Suppertime

Suzanne Cody

February.

Matthew deposits me at the end of my endless and impassable driveway after West Side Story rehearsal. I’m stoned—we made a brief pit-stop on a half-plowed back road to smoke up a roach I discovered in the back pocket of my jeans—so the quarter-mile trudge to the cabin is not unpleasant, the stars icy and crystalline, the lopsided moon reflecting blue off the shin-deep snow. That my boots are full of snow and my fingers are numb in my mismatched handknit mittens are issues observed from a distance, like they are happening to someone else’s body.

My sister and brother are setting the table when I tromp in to drop my wet coat and boots in a pile by the door and hug up to the cookstove to thaw. Plates slung by a little sister full of righteous teenage irritation that rehearsal got me out of pre-dinner duties are straightened by Nik, a little brother who likes things just so. Wendy expresses further outrage by smacking a glass down in front of me as I settle into my chair, milk slopping over the rim. I am untroubled. In my head, I am five slim flips of the calendar from a life at the other end of the driveway where there are no cranky little sisters, just fellow creatives—actors and musicians and writers.

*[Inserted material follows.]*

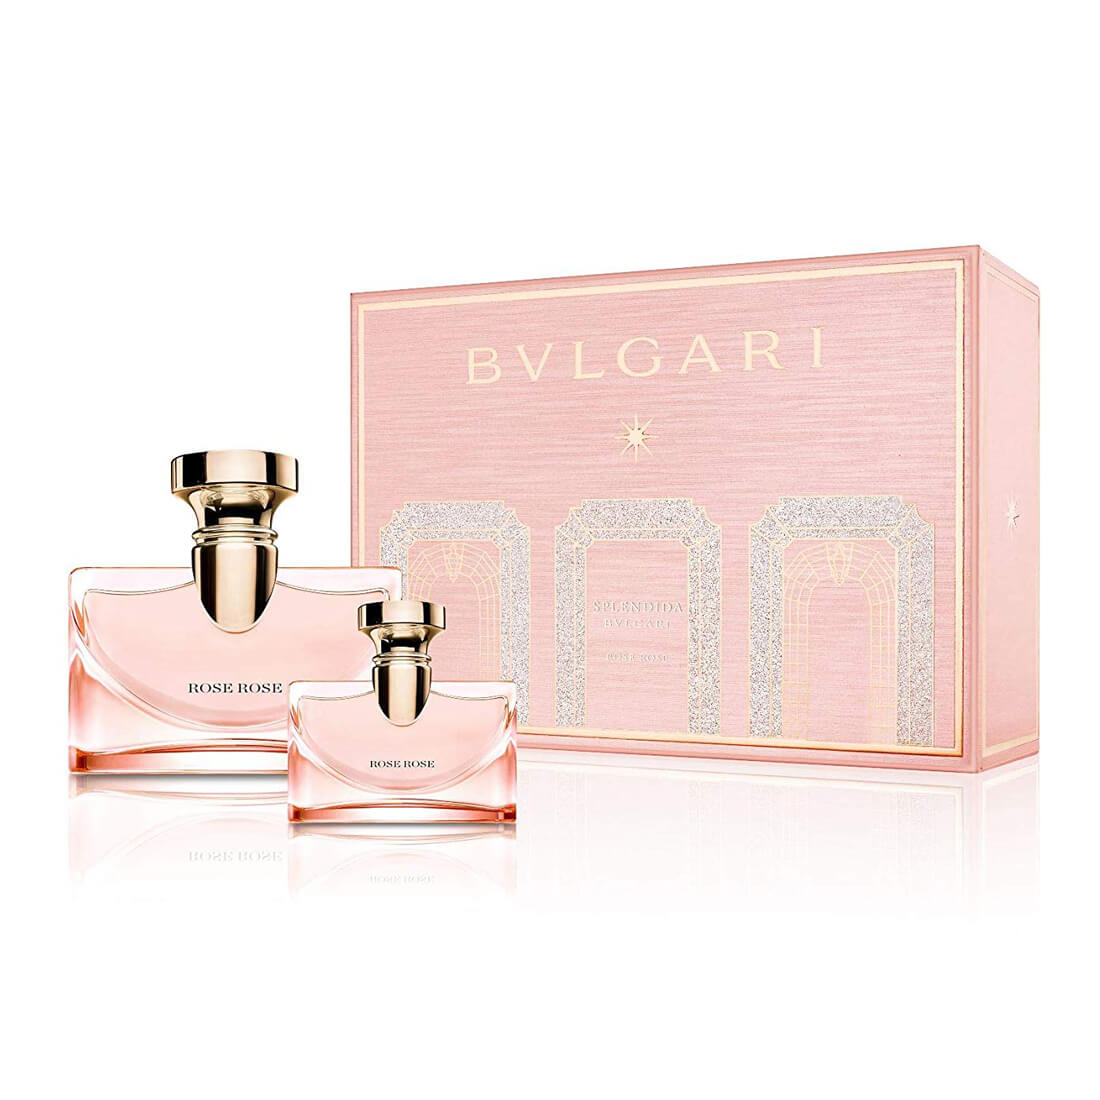 bvlgari perfume pack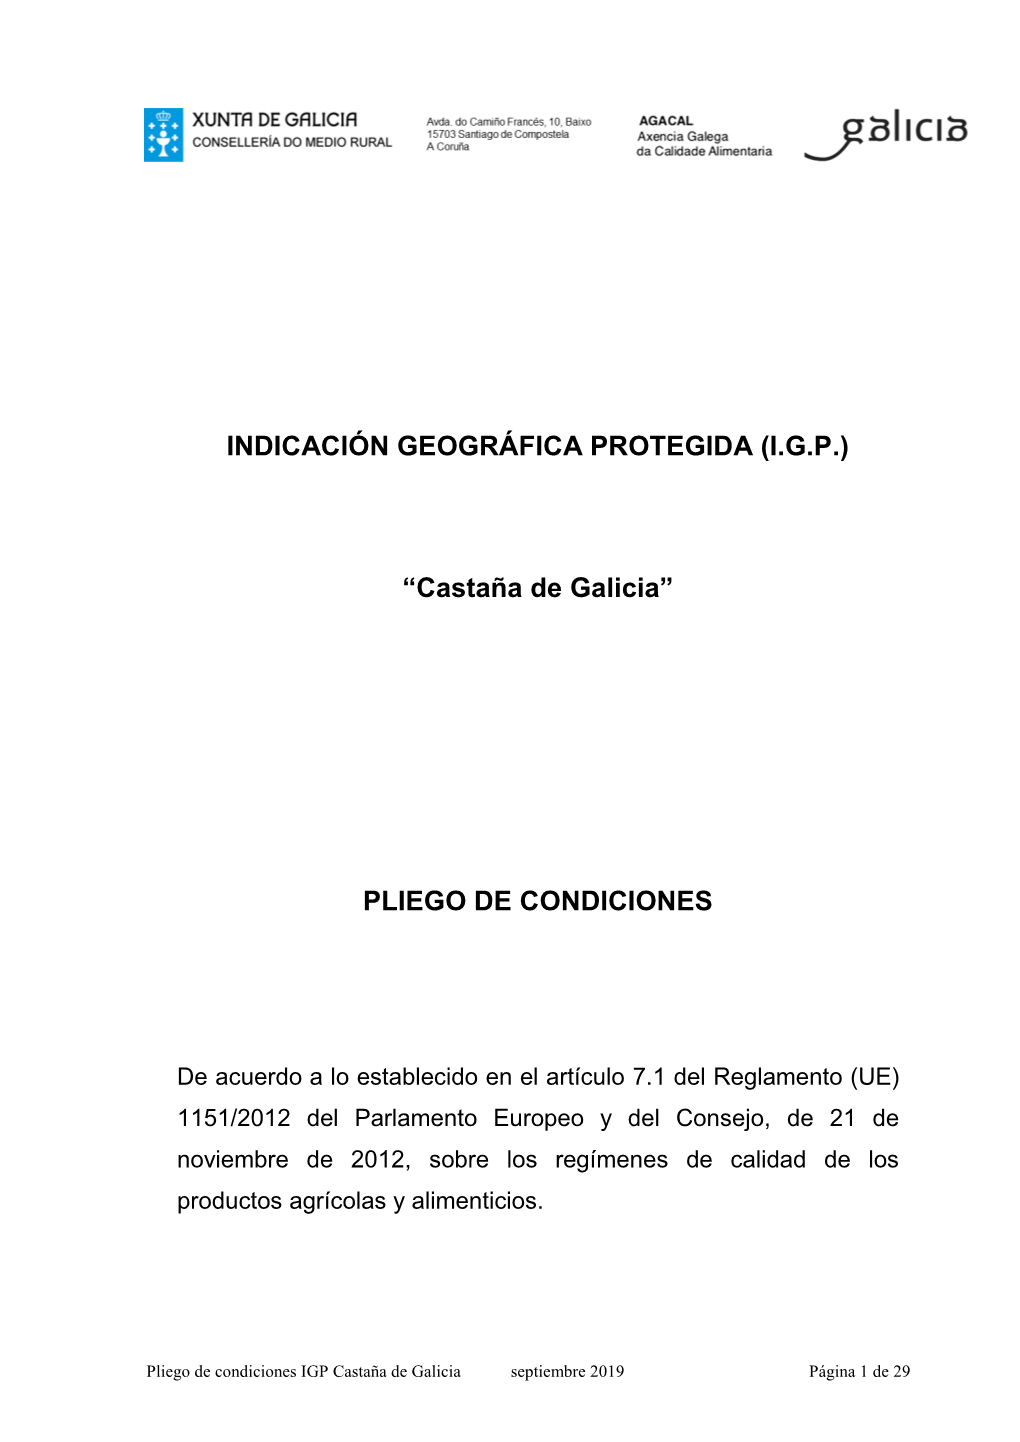 (IGP) “Castaña De Galicia” PLIEGO DE CONDICIONES

I’m hungry and food smells good.

Twenty minutes later my plate is full but out of reach, and my father is chasing my mother around the kitchen table with a dish of adzuki beans and brown rice, one bite balanced on a fork he wields like a weapon. “Diane,” he says, “just eat it. It’ll be okay. It’s not fucking forever, Diane. Just eat it.” He is breathless, but reasonable.

***

My father cooks in the evenings now, measuring rice and beans out of co-op paper bags into battered cast iron pots. This is not his normal behavior. Usually, he’s well on his way to incoherent by six, passed out by eight. Morning is Dad’s best time of day, the pale hours before he begins his strict daily vodka regimen, up with the sun to light the cookstove and warm the house for later risers.  Breakfast foods comprise the bulk of his culinary repertoire—crepes, bacon, eggs, pancakes, French toast, doughnuts from scratch set next to our sleeping faces so our dreams right before awakening are rich and sweet.

My mother is sick. I have no idea how this happened. Vague recollections of an autumnal exhaustion that kept her in bed past her normal just-post-crack-of-dawn rising time, and shoved her back under the blankets as the sun went down coincided with the complex combination of relief and anxiety that accompanied a decline in “requests” to “help” with various home improvement projects, even her favorite activity of shifting the piano from one side of the house to the other. Her meticulous garden went feral, weedy and wild. Tomatoes fell unpicked and squash blossoms and bean plants fed the rabbits and deer. There may have been doctors’ appointments, and murmur-y phone calls made with the cord stretched up the stairs to her room.

I saw but didn’t want to see, I suppose, wrapped up in my own worries of play auditions and vocal competitions, and internal debates as to whether or not I would sleep with my boyfriend’s best friend since my boyfriend went off to art school and left me with no one to sleep with.

She was tired. People got tired.

In the beginning of January, when going to the outhouse meant suiting up for the Arctic and Mom going to bed as the sun went down translated to six in the evening, a doctor, Mom’s doctor, called to ask if his office had let her know that the tumor he biopsied back in November was indeed malignant, that cancer had set up housekeeping in her ovaries. He apologized when she said, no, no one called her—while preparing for his yearly tropical escape from winter the malfunctioning lump of cells in her body had just slipped his mind. A month had passed, and this cancer grew quickly. She might want to come in, he said, right away.

“Fuck you,” she said, instead. “You’re fired.”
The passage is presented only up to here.